Le président vietnamien Vo Van Thuong démissionne en pleine campagne anti-corruption
Le président vietnamien Vo Van Thuong a démissionné après un peu plus d'un an à son poste, a annoncé mercredi le Parti communiste, faisant de lui le dernier haut responsable à quitter ses fonctions au milieu d'une intense campagne anti-corruption.
Le parti a déclaré avoir accepté sa démission, écrivant dans un communiqué que « les violations commises par Vo Van Thuong ont laissé une mauvaise marque sur la réputation du Parti communiste ».
Thuong est le deuxième président à démissionner en deux ans, ce que les analystes qualifient de signe inquiétant pour la stabilité politique dans un pays qui joue un rôle clé au milieu de la concurrence sino-américaine et un rôle croissant dans l'industrie manufacturière mondiale.
Sa démission intervient après des semaines de rumeurs suggérant qu'il serait démis de ses fonctions, et à la veille d'une session extraordinaire du parlement vietnamien consacrée aux « questions de personnel ».
Quelques jours plus tôt, la police vietnamienne avait déclaré avoir arrêté pour corruption l'ancien chef de la province de Quang Ngai, au centre du Vietnam, qui était auparavant supervisé par Thuong en tant que chef du parti provincial.
Thuong, 54 ans, est devenu président en mars 2023, deux mois après la démission de son prédécesseur Nguyen Xuan Phuc pour assumer la « responsabilité politique » des scandales de corruption survenus pendant la pandémie. Il était le plus jeune président depuis que le Vietnam moderne est sorti de la guerre au milieu des années 1970.
La position de président au Vietnam est en grande partie cérémoniale et occupe le troisième rang dans la hiérarchie politique du pays. Le poste le plus puissant est celui de secrétaire général du Parti communiste, poste occupé depuis 2011 par Nguyen Phu Trong, 79 ans.
Thuong, idéologiquement conservateur, était considéré comme un protégé de Trong, et son départ souligne la portée de la campagne anti-corruption qui a été « l'héritage le plus important » de Trong, a déclaré Nguyen Khac Giang, analyste à l'Institut ISEAS-Yusof Ishak de Singapour.
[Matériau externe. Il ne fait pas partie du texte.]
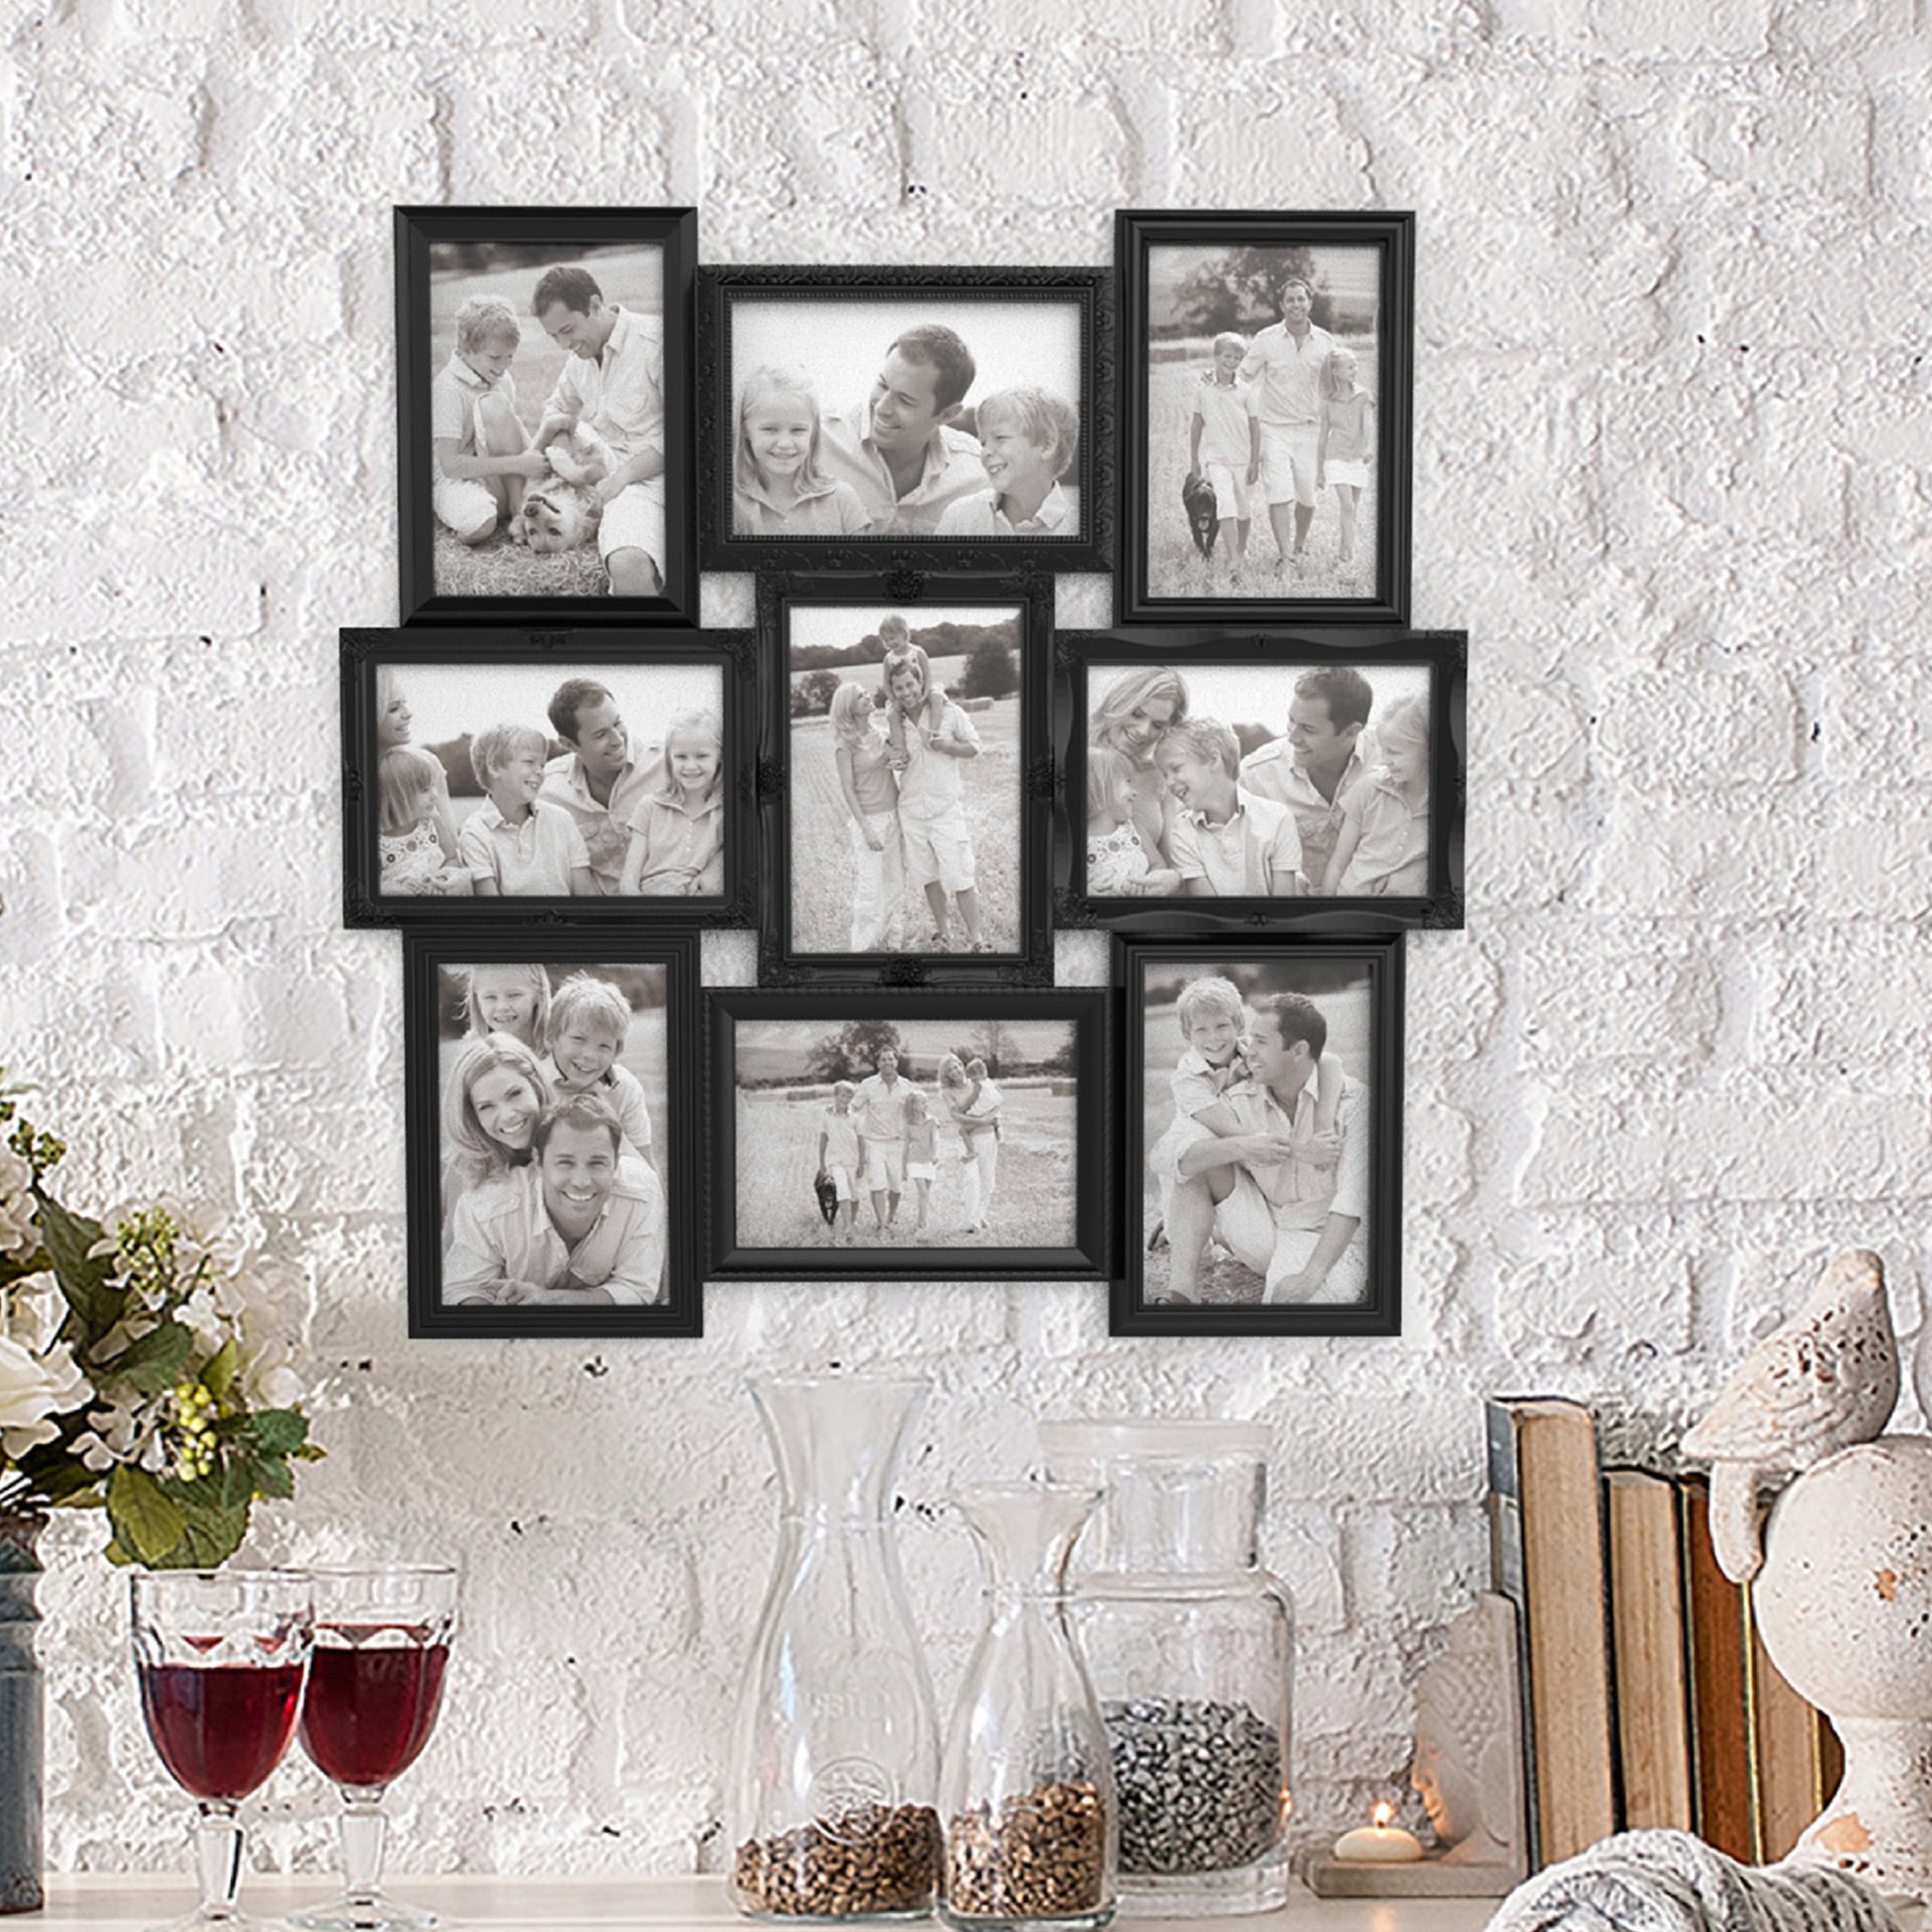 Lavish Home Collage Picture Frame with 9 Openings for 4x6 Photos Wall Hanging Multiple Photo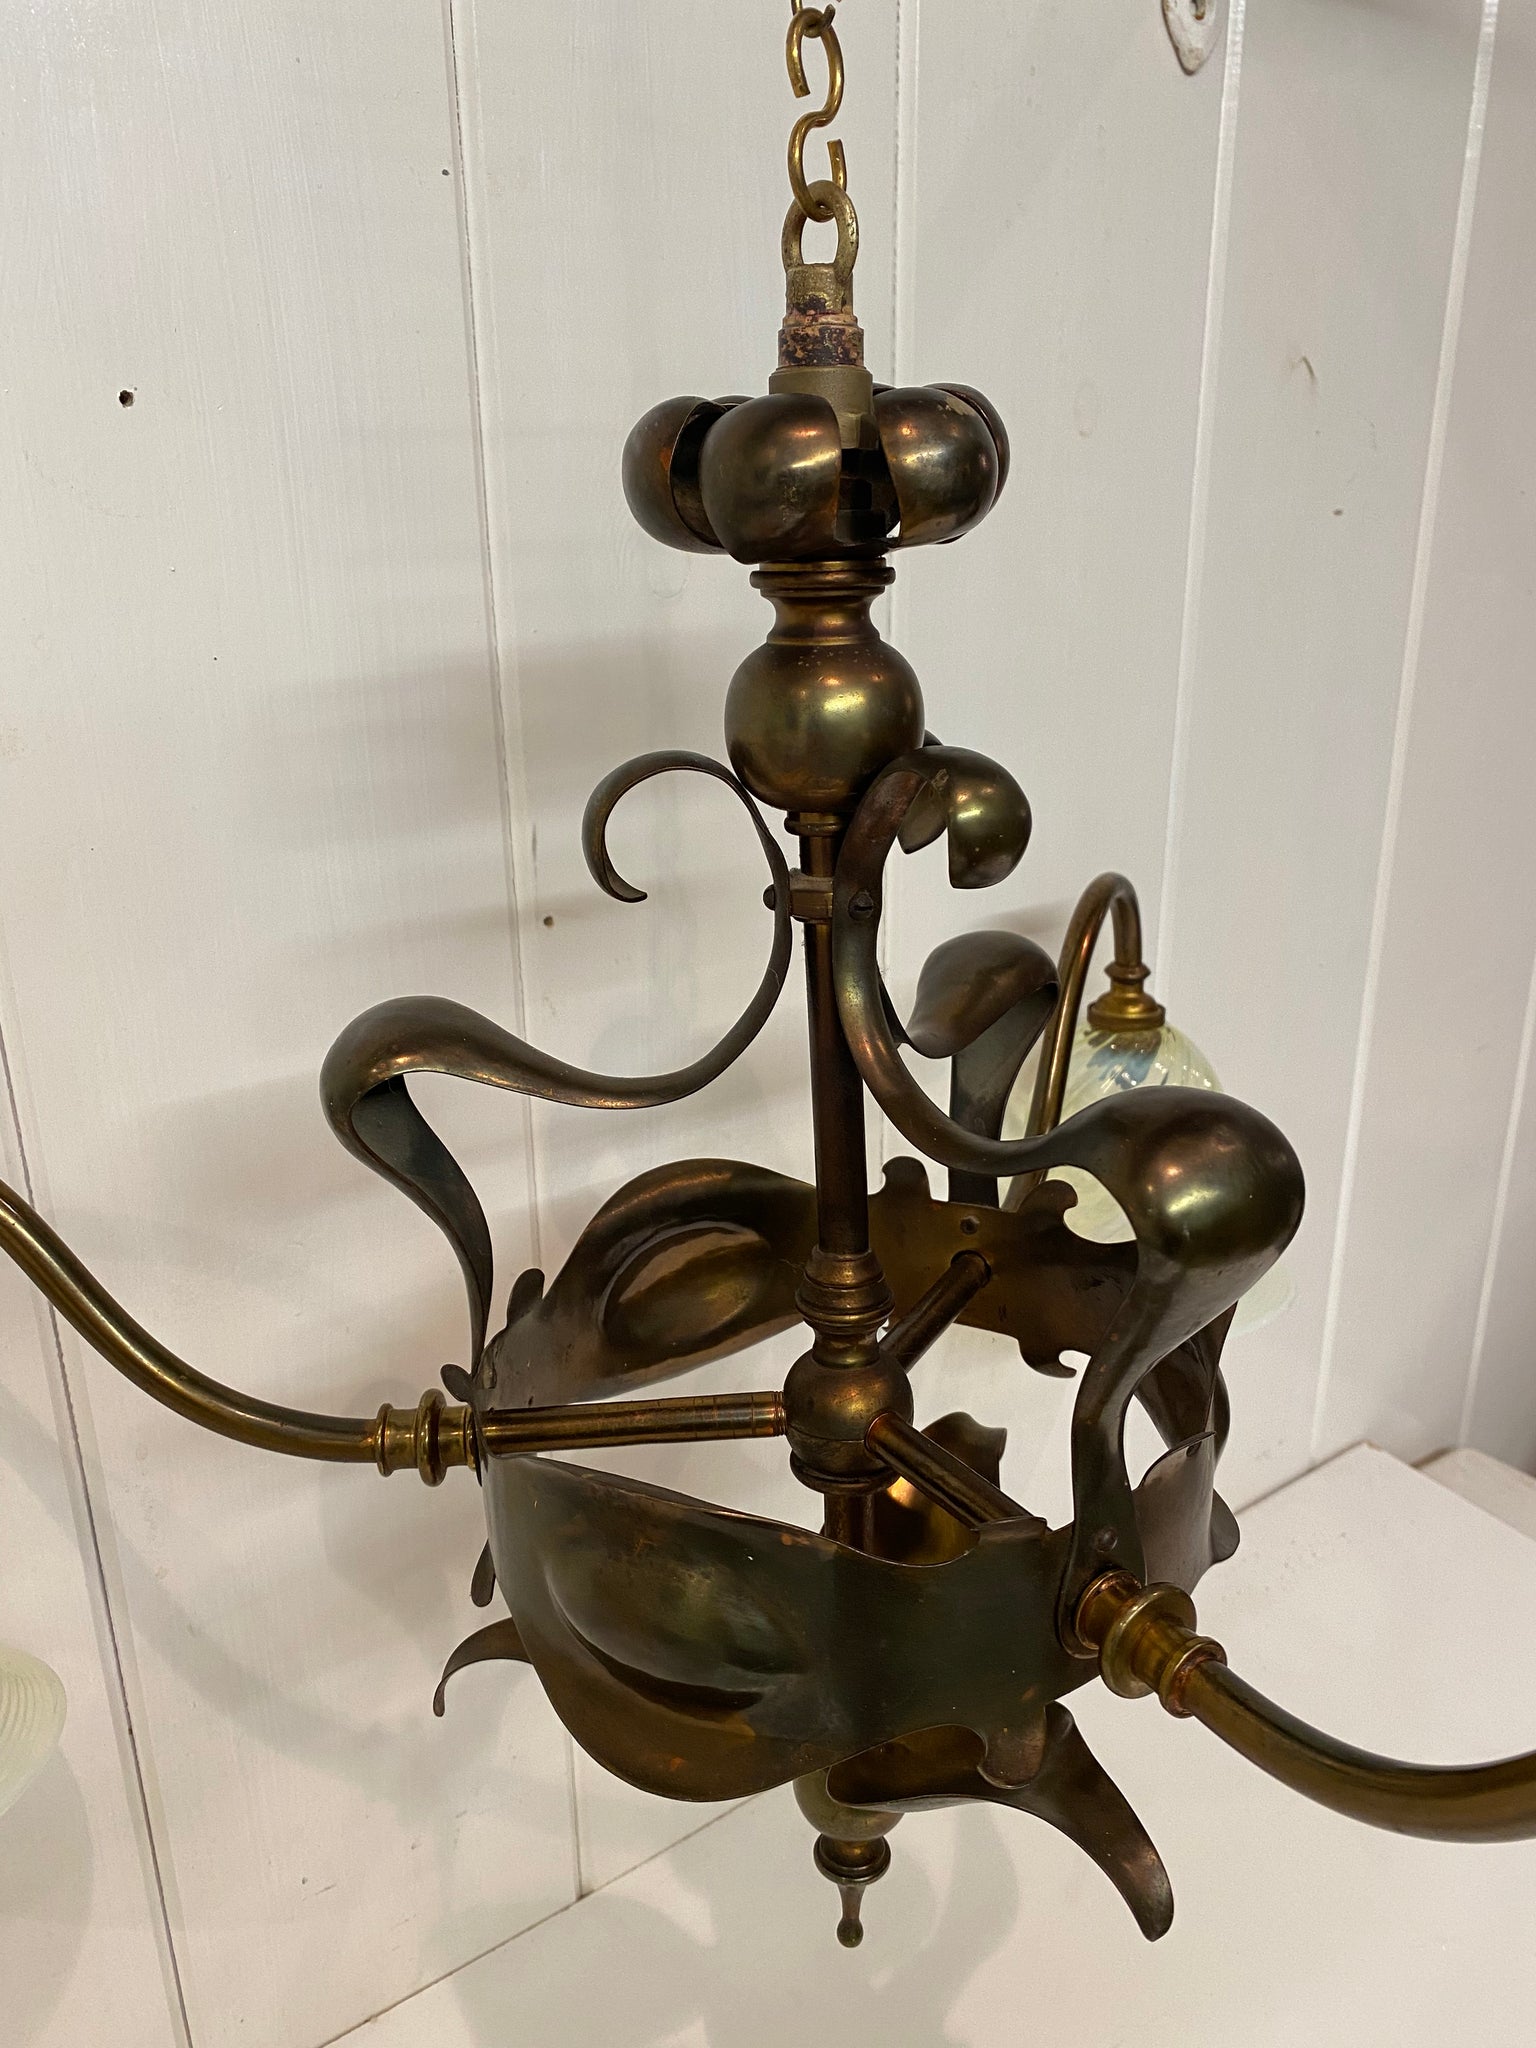 Art Nouveau (Arts and Crafts) 3 Arm Electrolier in Dark Bronze Finish on Copper and Brass C.1900

Dans une déclaration rapportée par le média d'État VN Express International, le parti a déclaré que les « violations » de Truong avaient « affecté négativement la perception du public, ainsi que la réputation du Parti et de l'État. Conscient de ses responsabilités devant le Parti, l’État et le peuple, Thuong a démissionné de ses fonctions. On ne sait pas clairement à quelles violations la déclaration fait référence.
La campagne anti-corruption, décrite par Trong comme un « four ardent », a contribué à consolider l'autorité du plus haut dirigeant, mais Giang a déclaré que les factions du parti ont également cherché à l'utiliser pour purger leurs rivaux.
Les analystes ont averti que la campagne anti-corruption a nui à l'environnement des affaires du Vietnam, rendant les investisseurs étrangers nerveux face à des politiques économiques imprévisibles.
Le Vietnam a tenté de trouver un équilibre entre son grand voisin, la Chine, et les États-Unis, tout en se positionnant comme un foyer idéal pour les entreprises cherchant à déplacer leurs chaînes d’approvisionnement hors de Chine. L’année dernière, c’était le seul pays à avoir reçu à la fois le président américain Joe Biden et le chinois Xi Jinping en visite d’État.
La campagne anti-corruption s’est également traduite par une augmentation significative du pouvoir des agences de répression de l’État et des partis.
Des rumeurs d'un potentiel changement politique ont éclaté après qu'une visite d'État au Vietnam de la famille royale néerlandaise ait été reportée en raison de « circonstances intérieures », selon un communiqué de la maison royale néerlandaise.
Le président de la Banque mondiale a également reporté une visite prévue cette semaine.
Le volume des échanges sur les bourses vietnamiennes a atteint un niveau record lundi alors que les investisseurs spéculaient sur l'avenir du président.
Plus de 1,7 milliard d’actions ont été négociées, établissant un record et les médias d’État ont rapporté que « la récente augmentation de la pression vendeuse nette de la part des investisseurs étrangers » pesait sur le marché.